Not every death is treated equally.
Some lives are headline news.
Others disappear without a line.

As a funeral director, I’ve seen both kinds of grief, the ones that bring cameras and casseroles, and the ones that pass unnoticed, with no public acknowledgment at all.
And it’s taught me something hard but necessary: even in death, privilege persists.

The Hierarchy of Worthiness

When someone dies, our response as a society often depends on who they were, where they lived, and how they died.
We mourn some deaths collectively; celebrities, heroes, victims of certain kinds of tragedy.
But other deaths are met with silence.

When a white child goes missing, it’s national news.
When a Black woman is murdered, her name may never trend.
When a police officer dies in the line of duty, there’s a procession down Main Street.
When a person experiencing homelessness dies under an overpass, there’s barely a mention.

This isn’t about who deserves to be mourned.
It’s about who we choose to see.

Our public rituals, news coverage, memorials, and candlelight vigils reflect our collective values.
And right now, they reveal a painful truth: grief follows power.

 

a group of people standing in a tunnel

 Photo by Elyse Chia on Unsplash

Whose Grief Is Visible

The visibility of grief depends on access to media, resources, community infrastructure, and people who will hold up your story.

Families with means can publish lengthy obituaries, commission artwork, and organize memorial foundations.
Communities with voice can mobilize public mourning: murals, hashtags, marches.
But when grief happens in the margins, it often stays there.

I’ve served many families who couldn’t afford an obituary.
I’ve worked with cases where no one came forward to claim the remains.
I’ve coordinated services where the only attendees were staff and one distant relative on speakerphone.

Those moments stay with you.
They force you to ask: What makes one life more grievable than another?

The Media’s Hand in Memory

Every obituary, every headline, every soundbite is a form of storytelling.
And storytelling shapes memory.

When the media humanizes a victim by showing childhood photos, interviewing loved ones, and recounting achievements, we are invited to empathize.
When coverage focuses on crime statistics or mugshots, that empathy collapses.

How we tell stories about death defines how we remember the dead.
It also influences policy, funding, and public will.

Think about how public outrage moves mountains when the right story reaches the right ears.
Now imagine the silence when it doesn’t.

The Erasure of the Unseen

There’s an unspoken rule in our culture: some griefs are “private.”
But private often means “invisible.”

The deaths of people who are incarcerated, unhoused, undocumented, addicted, or mentally ill are rarely acknowledged publicly.
Yet those losses ripple through families and communities just the same.

I once cared for a man who had no obituary, no service, no family contact.
His file was thin, consisting of a few forms and a single signature from the coroner.
We handled his cremation, and when I picked up the phone to call the county office, the clerk said, “He’ll be placed in the common grave.”

That was it.
No nameplate, no marker, no ceremony.

And still, I found myself whispering his name before sealing the container.
Because even if no one else mourned him, someone should.

Every person deserves the dignity of being remembered.

Historical Patterns of Erasure

This inequality in mourning isn’t new; it’s centuries old.

Indigenous remains were displayed in museums while colonizers were given monuments.

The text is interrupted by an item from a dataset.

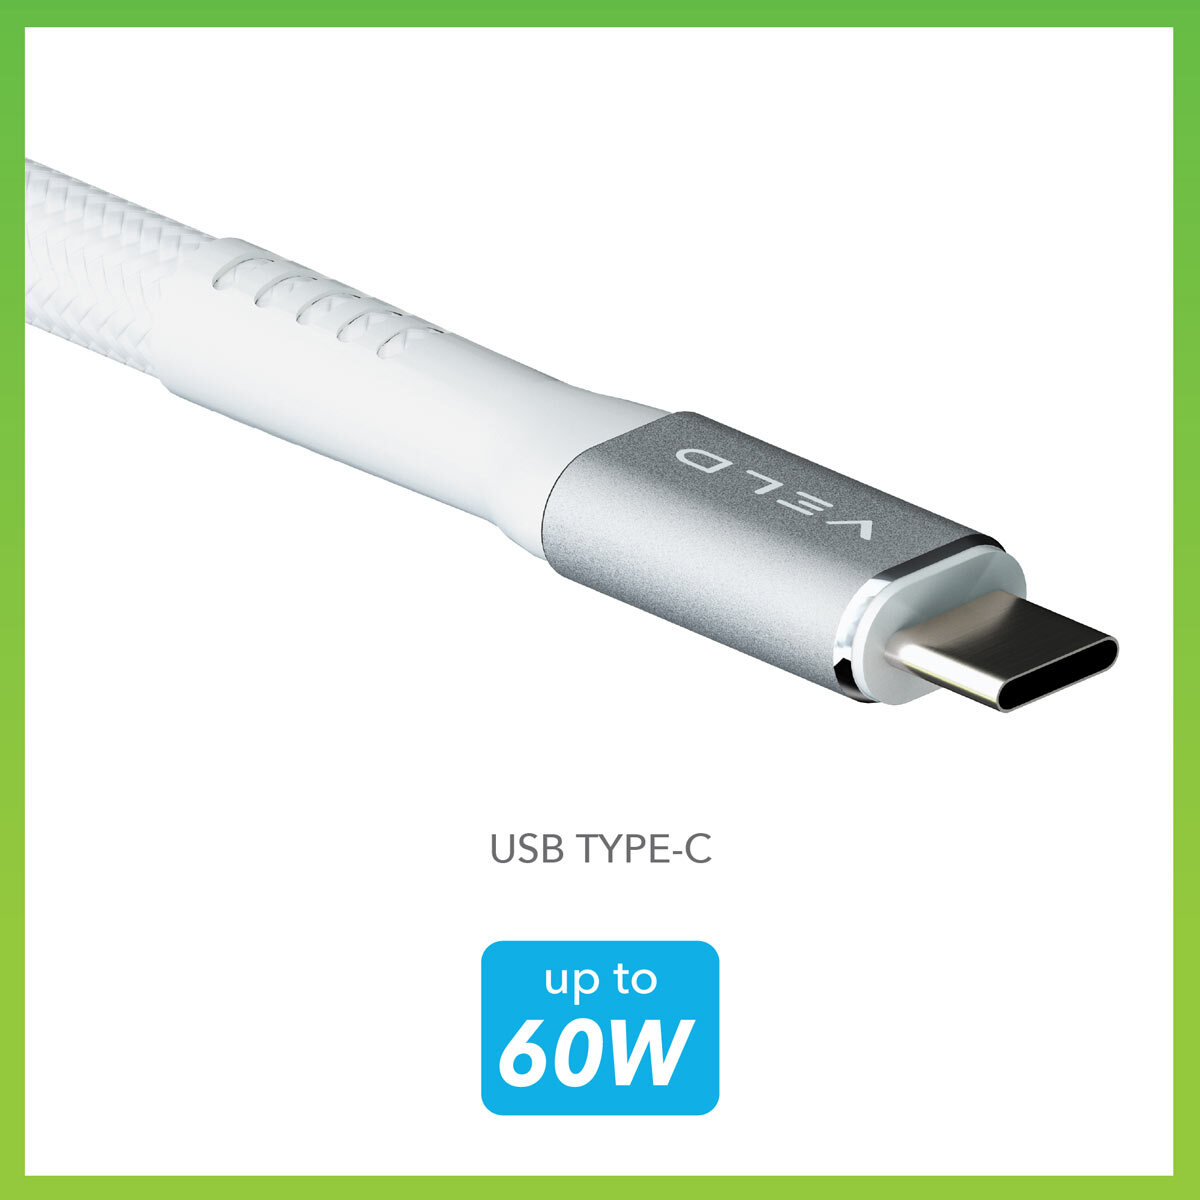 VELD Super-Fast Type-C to Type-C Cable bundle including one 18W 1m Cable and two 60W 1.5m Cables
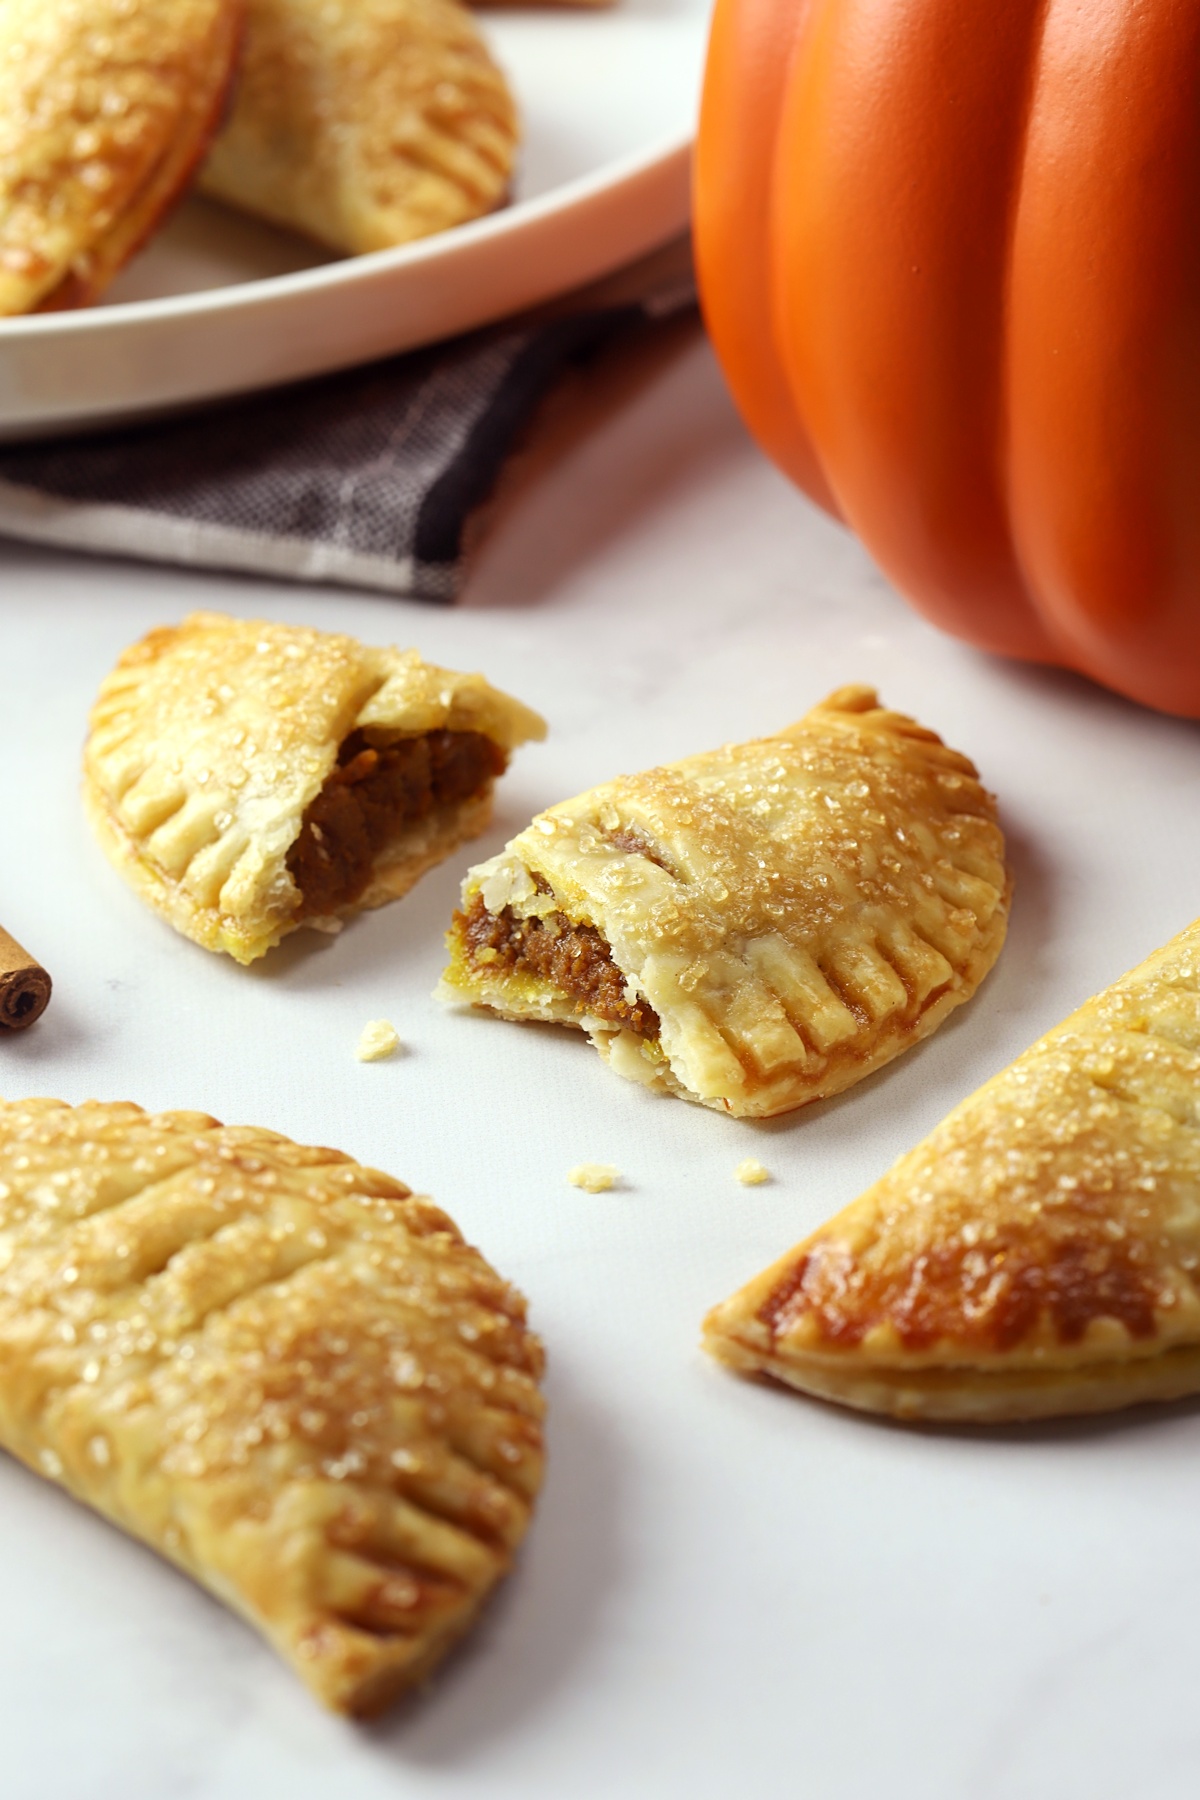 Pumpkin turnover sliced in half to show filling.

Enslaved people were buried in unmarked fields while plantation owners built family mausoleums. LGBTQ+ people lost to AIDS without eulogies while governments looked away. Mass graves of migrants were discovered long after news cycles moved on.

The pattern repeats: whose deaths we acknowledge tells the story of whose lives we valued.

When entire communities are denied ritual, remembrance, and public mourning, it’s not just loss; it’s erasure.
And erasure is violence.

The Cost of Selective Mourning

Selective mourning does more than wound; it shapes culture.
When we collectively grieve certain lives and ignore others, we reinforce the belief that worth is conditional.

We begin to see empathy as a privilege instead of a human reflex.
We grow numb to loss that doesn’t resemble our own.
We forget that grief is supposed to unite us, not divide us.

Grief is an equalizer in theory, but not in practice.
Because how we grieve, who we grieve, depends on who we think deserves to be loved out loud.

And that’s where justice begins or ends.

Grief as Activism

Public mourning has always been political.
Funerals have started revolutions.
From Emmett Till to George Floyd, from Matthew Shepard to Tyre Nichols, grief has become protest, witness, and call to action.

Those ceremonies were not only acts of remembrance, they were acts of resistance.
They demanded that the world not look away.

There’s power in collective grief.
It transforms sorrow into solidarity, pain into movement.
It reminds us that remembrance is not passive; it’s participatory.

Every time we say a name that others have forgotten, we restore a piece of humanity.

The Funeral Director’s Dilemma

As a funeral director, I occupy an odd space between the personal and the political.
I’m not supposed to editorialize, but I live inside the systems that decide who gets care, visibility, and ritual.

I’ve seen the disparity firsthand:

  • Who can afford a private room for an extended wake and family time, and who gets a 15-minute identification viewing.

  • Who can pay for full obituary text and who does nothing public at all to stay within budget.

  • Who gets flowers, photo boards, and tribute videos—and who gets a death certificate mailed in a plain envelope.

These aren’t always choices.
They’re reflections of access.

And each time I hand over ashes in silence, I think about how dignity shouldn’t depend on dollars.

We talk a lot in this profession about “serving everyone the same.”
But equality without equity still leaves too many behind.

Community Mourning: A Radical Act

One of the most powerful things we can do is expand the circle of remembrance.

Hold vigils for people who die alone.
Support mutual aid efforts that cover funeral costs.
Say the names of those whose stories never made the news.
Show up when the world doesn’t.

Every act of public mourning is a small rebellion against indifference.

We can build a culture where grief isn’t transactional.
Where mourning doesn’t require a press release or a platform.
Where every loss is acknowledged as part of our shared humanity.

Because grief, at its best, is communal.
It’s how we remember that we belong to one another.

Collective Memory and Moral Imagination

The stories we tell about death shape our collective moral compass.
They determine how future generations understand justice, compassion, and responsibility.

When we honor only certain kinds of lives, we limit the imagination of empathy.
But when we tell the whole truth about every person, every loss, and every system that failed them, we create the possibility for collective healing.

Justice begins in remembrance.
If we can learn to grieve fully and equally, maybe we can learn to live that way too.

A Different Kind of Legacy

There’s a line I often use with families:
“Grief is love that still wants somewhere to go.”

But love can also be a form of justice that still wants a chance to act.

When we decide who gets to be mourned, we decide whose lives get to matter in our shared memory. When we include the forgotten, the nameless, the invisible, we start to build a more honest story of who we are.

It’s not about guilt. It’s about recognition.
It’s about refusing to let anyone’s story end in silence.

Because no matter where someone lived, how they died, or what label society placed on them, every human life carries the same weight of sacredness.

An Invitation

Pause the next time a tragedy dominates the news.
Notice who’s missing from the coverage.
Ask who’s not being mourned.

Then find one name that wasn’t mentioned, one story that didn’t trend, one life that slipped through the cracks, and say it out loud.
Even quietly. Even to yourself.

That’s where justice begins.
That’s where grief becomes an act of love.